Gov. Rauner teamed with State Sen. Chapin Rose of Mahomet and other Republican lawmakers from across the state Feb. 2 to call for changes to Illinois’ antiquated and unnecessarily complex procurement system. They say the changes could save the state $500 million annually.

The reforms would increase flexibility and efficiency, protect and support Illinois businesses, and streamline the procurement reporting structure.

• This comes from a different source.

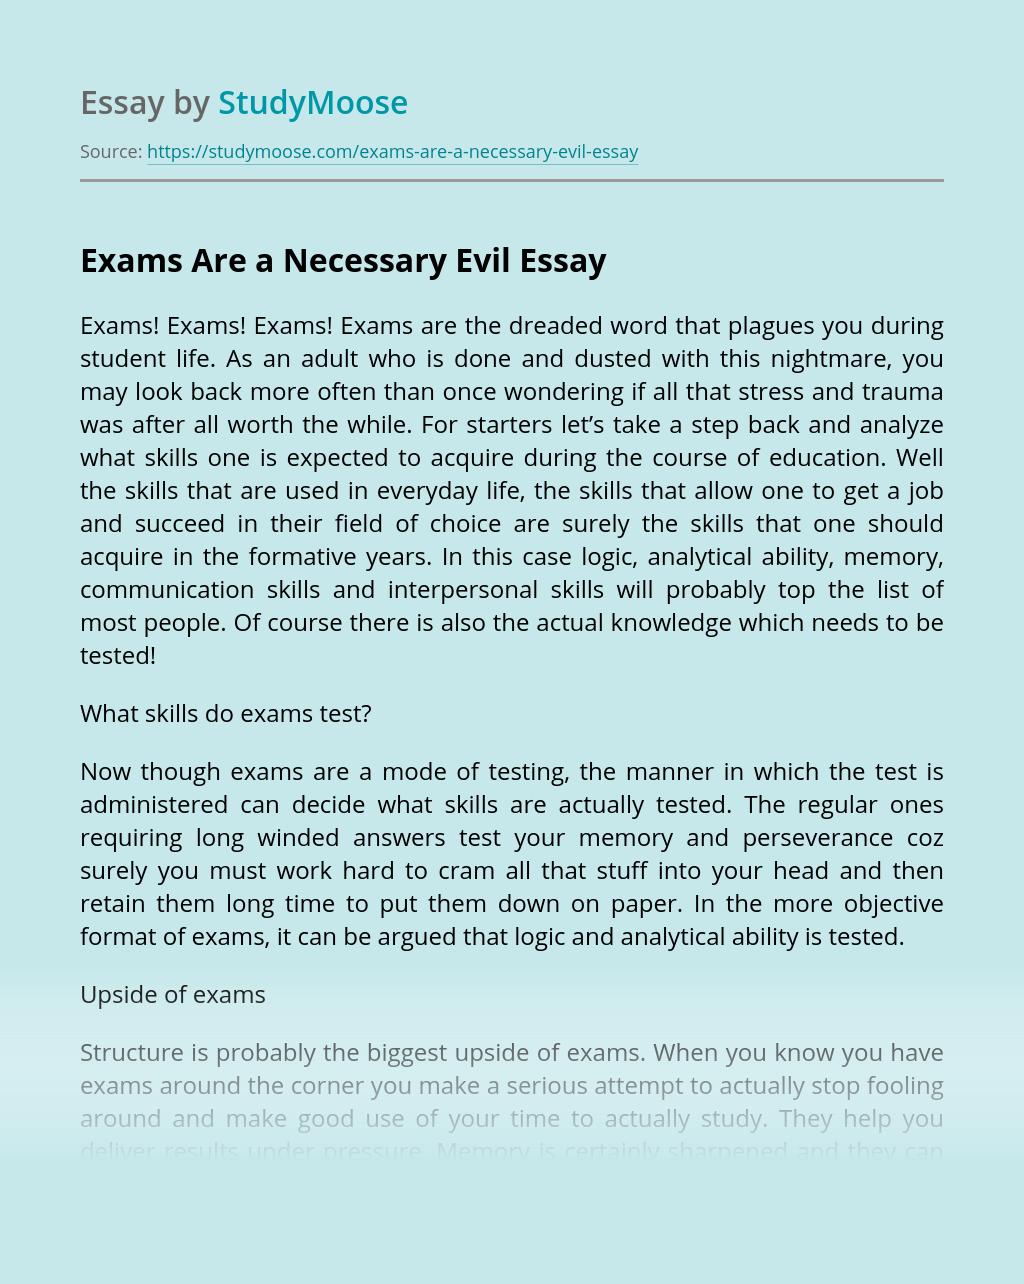 Exams Are a Necessary Evil

Suggested reforms include:

Allowing state agencies to create a prequalified pool of vendors in different categories of supplies and services:
Reducing the burdens on universities through exemptions for certain education-related purchases;
Creating a preference for buying supplies and services from Illinois businesses.
Allowing the state to “piggyback” on the procurements of other states, governmental entities, and purchasing consortiums in order to leverage this large buying power, while at the same time speeding up the procurement process.
Allowing state agencies to create a pre-qualified pool of vendors in different categories of supplies and services, speeding up the process by which the State can receive price quotes and proposals.
Streamlining the annual certification requirements for multi-year contracts, reducing bureaucratic paperwork.

Recently, a number of Republican legislators suggested that savings from procurement reforms could be used to help fund the state’s universities, community colleges and the Monetary Award Program (MAP grants). Due to the ongoing budget impasse, higher education and the MAP grant program have gone unfunded.